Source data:
○ ○ ○ ○ ○

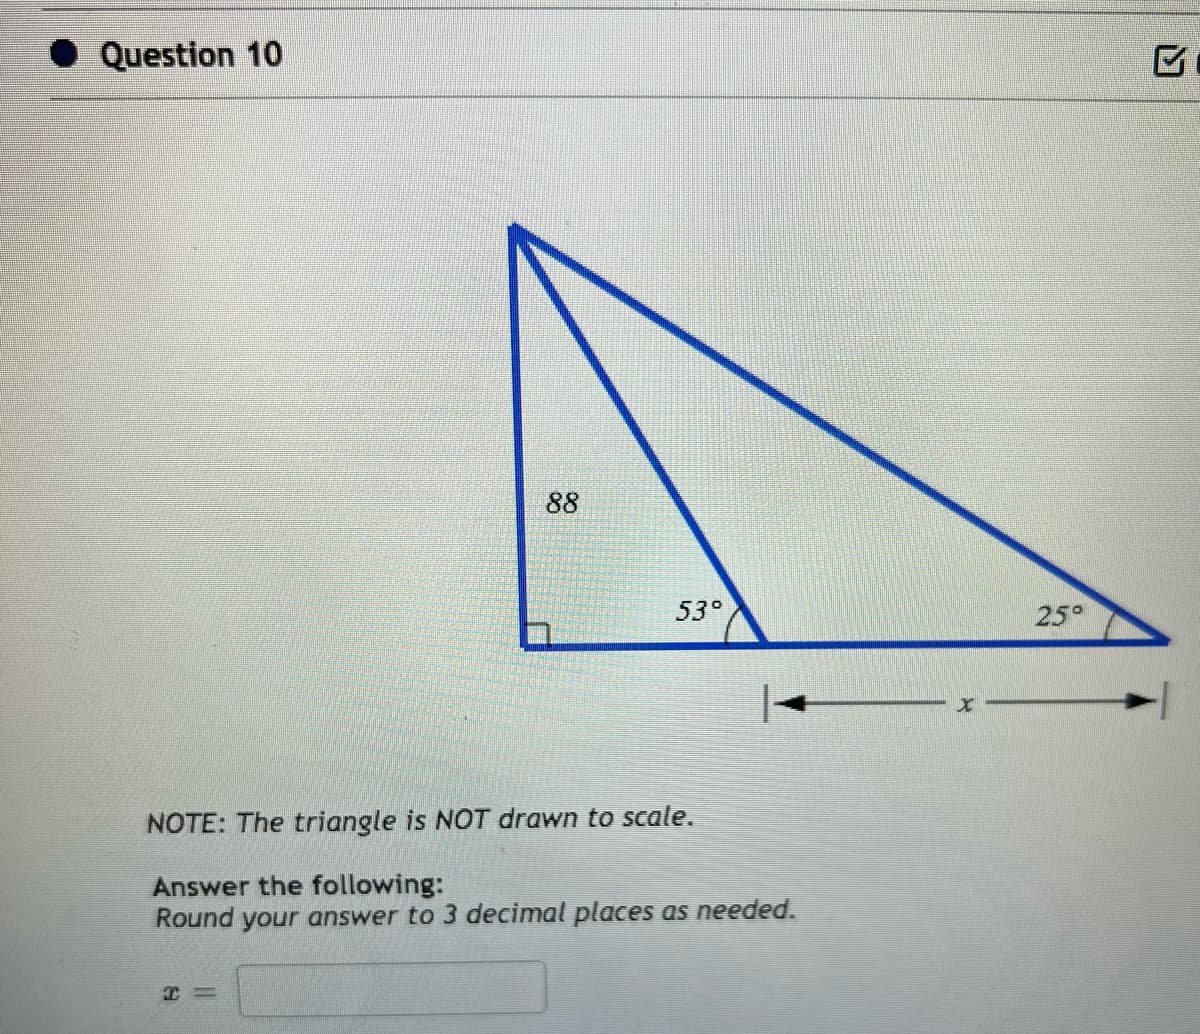 Question 10
88
53°
NOTE: The triangle is NOT drawn to scale.
Answer the following:
Round your answer to 3 decimal places as needed.
25°
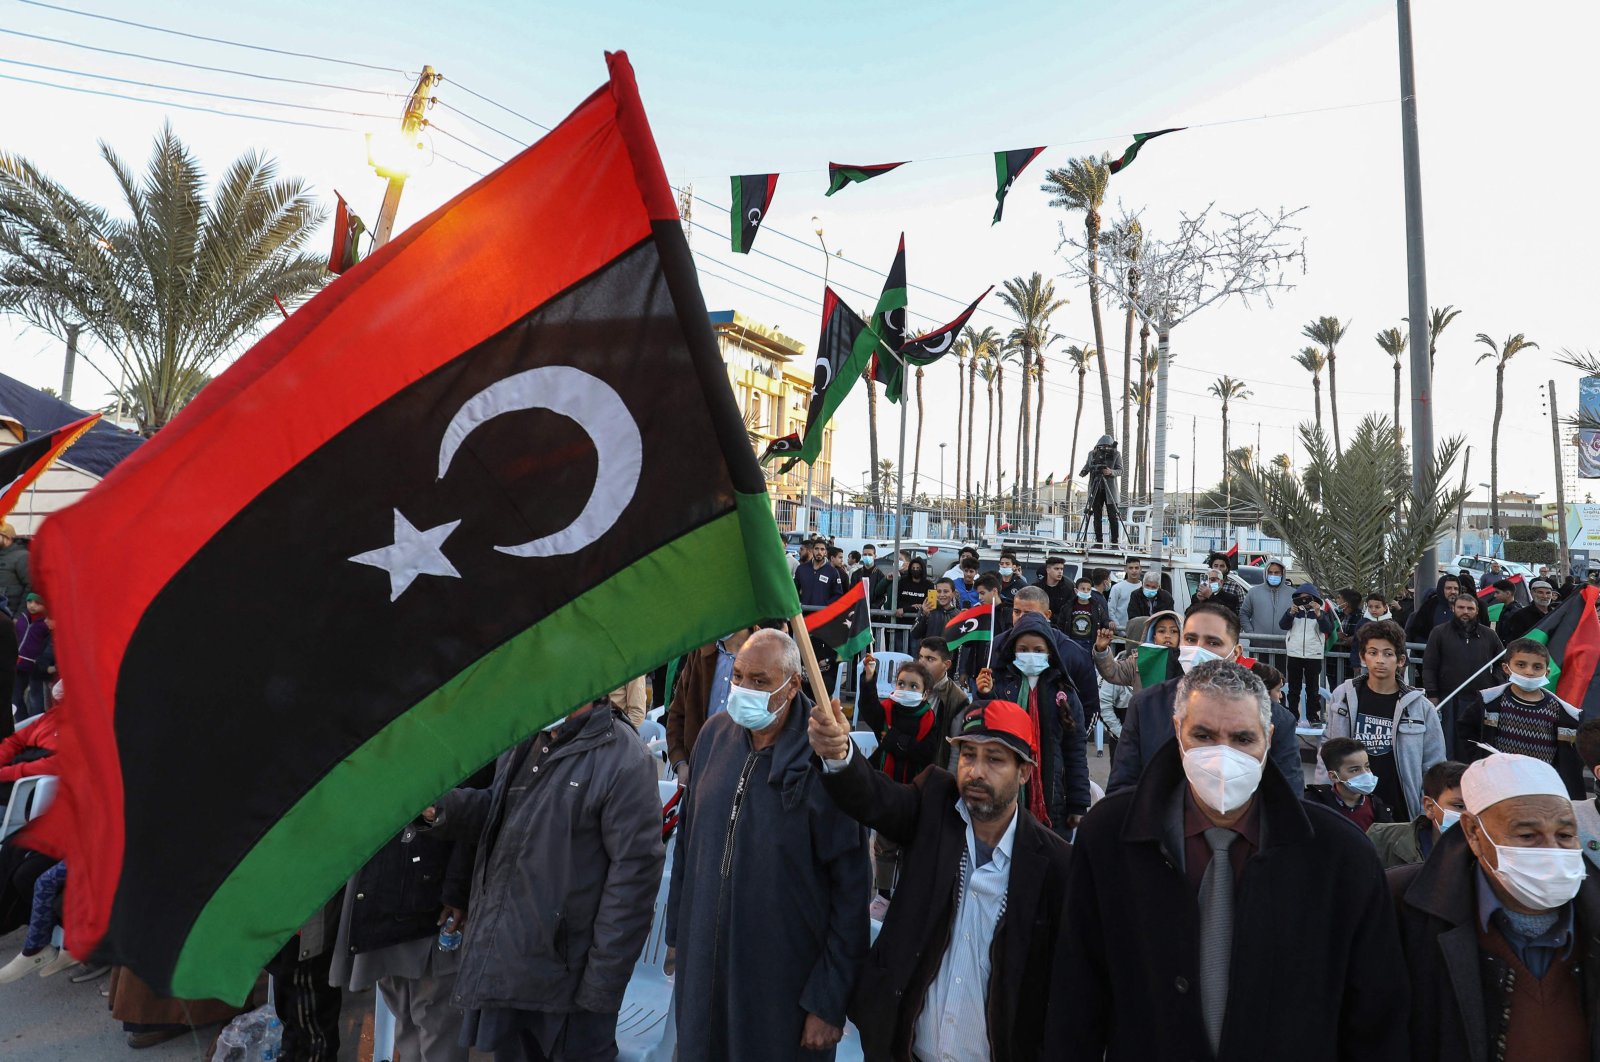 People gather in the coastal Libyan city of Tajura, east of the capital Tripoli on Feb. 16, 2022, as they commemorate the eve of the 11th anniversary of the uprising that toppled longtime strongman Moammar Gadhafi. (AFP Photo)

○ ○ ○ ○ ○

> **What you will do**: Write out all the entries word for word, but drop the pictures.

> **Your solution**:
 Question 10
88
53°
NOTE: The triangle is NOT drawn to scale.
Answer the following:
Round your answer to 3 decimal places as needed.
25°
 People gather in the coastal Libyan city of Tajura, east of the capital Tripoli on Feb. 16, 2022, as they commemorate the eve of the 11th anniversary of the uprising that toppled longtime strongman Moammar Gadhafi. (AFP Photo)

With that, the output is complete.